Agentset

Tracked

An open-source platform for retrieval-augmented generation (RAG) that simplifies multi-format ingestion, partitioning, and citation-aware retrieval.

Author Agentset Open Sourced 2025-03-10 Last Commit Unknown

Overview

Agentset is an open-source RAG platform that helps developers and researchers build citation-aware agents with deep research capabilities.
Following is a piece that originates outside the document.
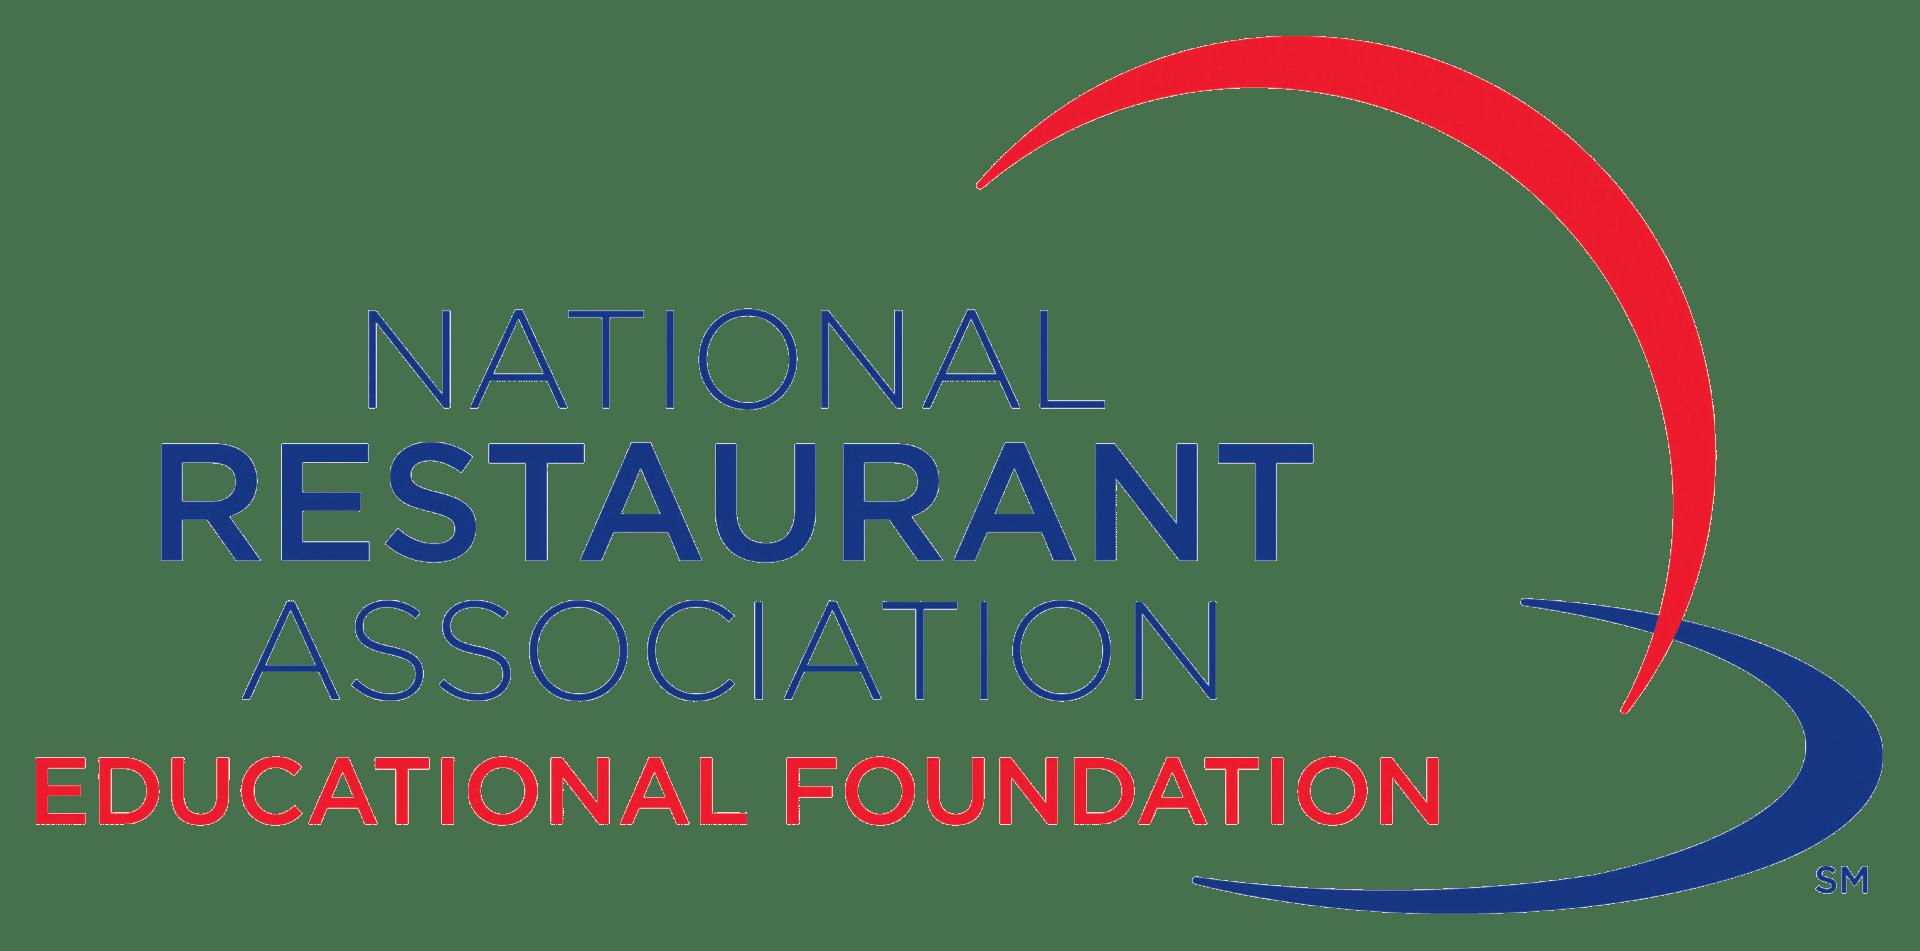 National Restaurant Association Educational Foundation Logo - Employee Retention Credit - Tri-Merit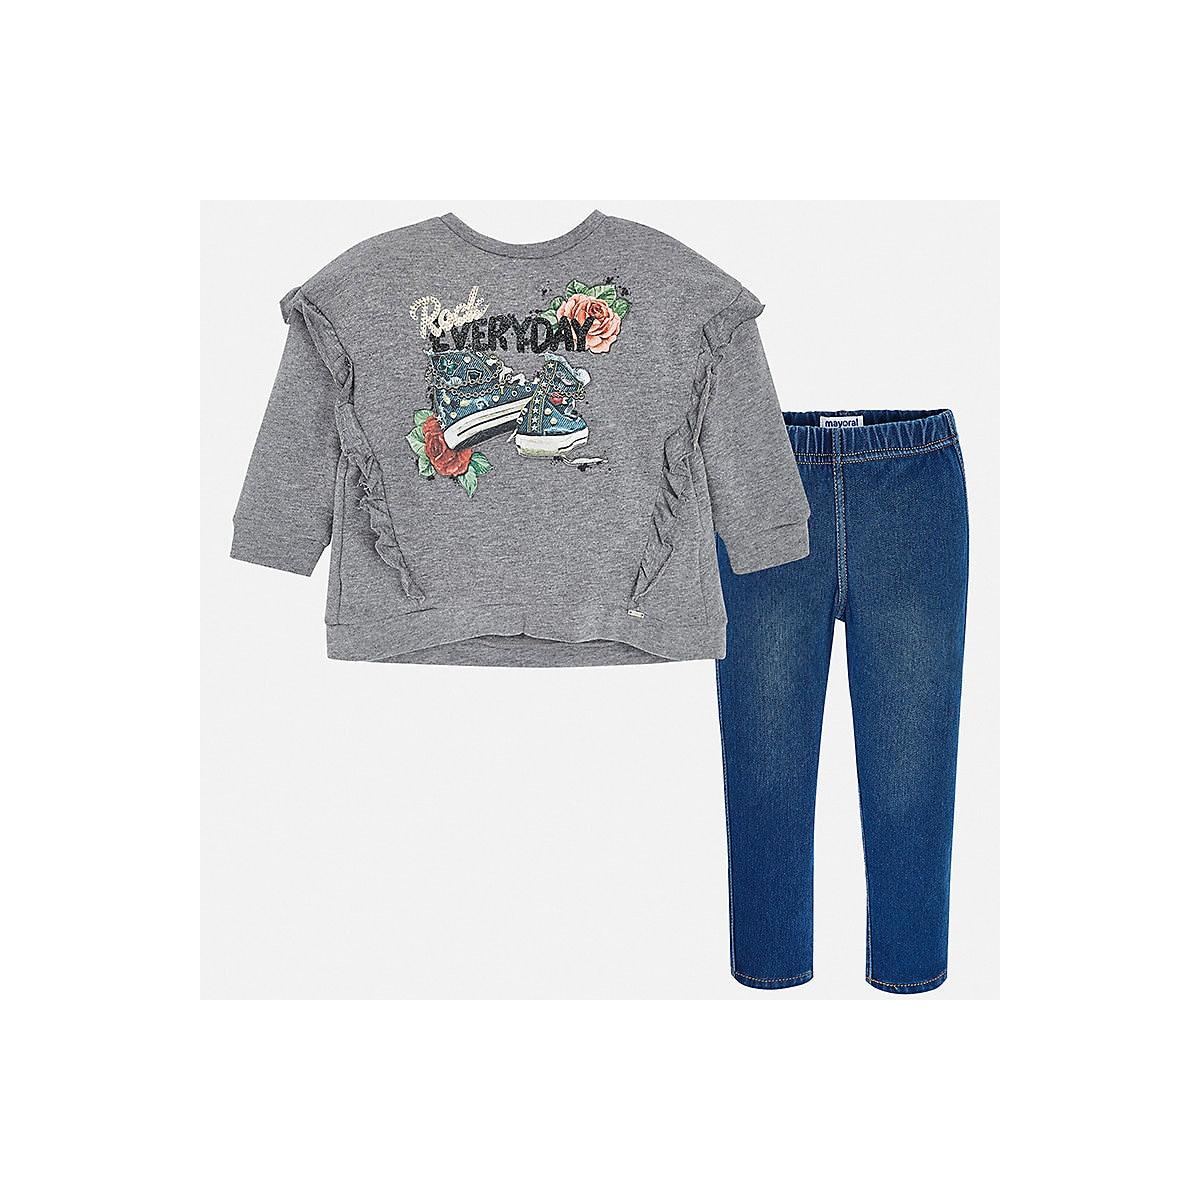 MAYORAL Children's Sets 8848793 Cotton Girls Fashion clothing costume for girl leggings T-shirt

It supports 22+ file formats out of the box and provides built-in citations, partitions, and an MCP server to streamline connecting external knowledge into an agent's context for improved accuracy and traceability.

Key Features

  • Multi-format ingestion supporting 22+ file types with automatic partitioning to reduce preprocessing overhead
  • Built-in citation pipeline that links outputs to source document locations for verification and traceability
  • Compatible with multiple vector databases and retrieval components, plus an integrated MCP server
  • SDKs and examples for building multi-step, agentic workflows with deep research capabilities

Use Cases

Enterprise knowledge QA with citation-backed assistants, rapid RAG prototyping and retrieval strategy evaluation, compliance and auditing workflows requiring traceable answers, and multi-format document processing that normalizes diverse assets into a unified retrieval corpus.

Technical Details

Built on modern embeddings and vector search with partitioning and caching strategies to optimize context window usage. Features configurable retrieval and re-ranking pipelines compatible with mainstream LLMs and inference services. MIT-licensed and suitable for both extension and enterprise deployment.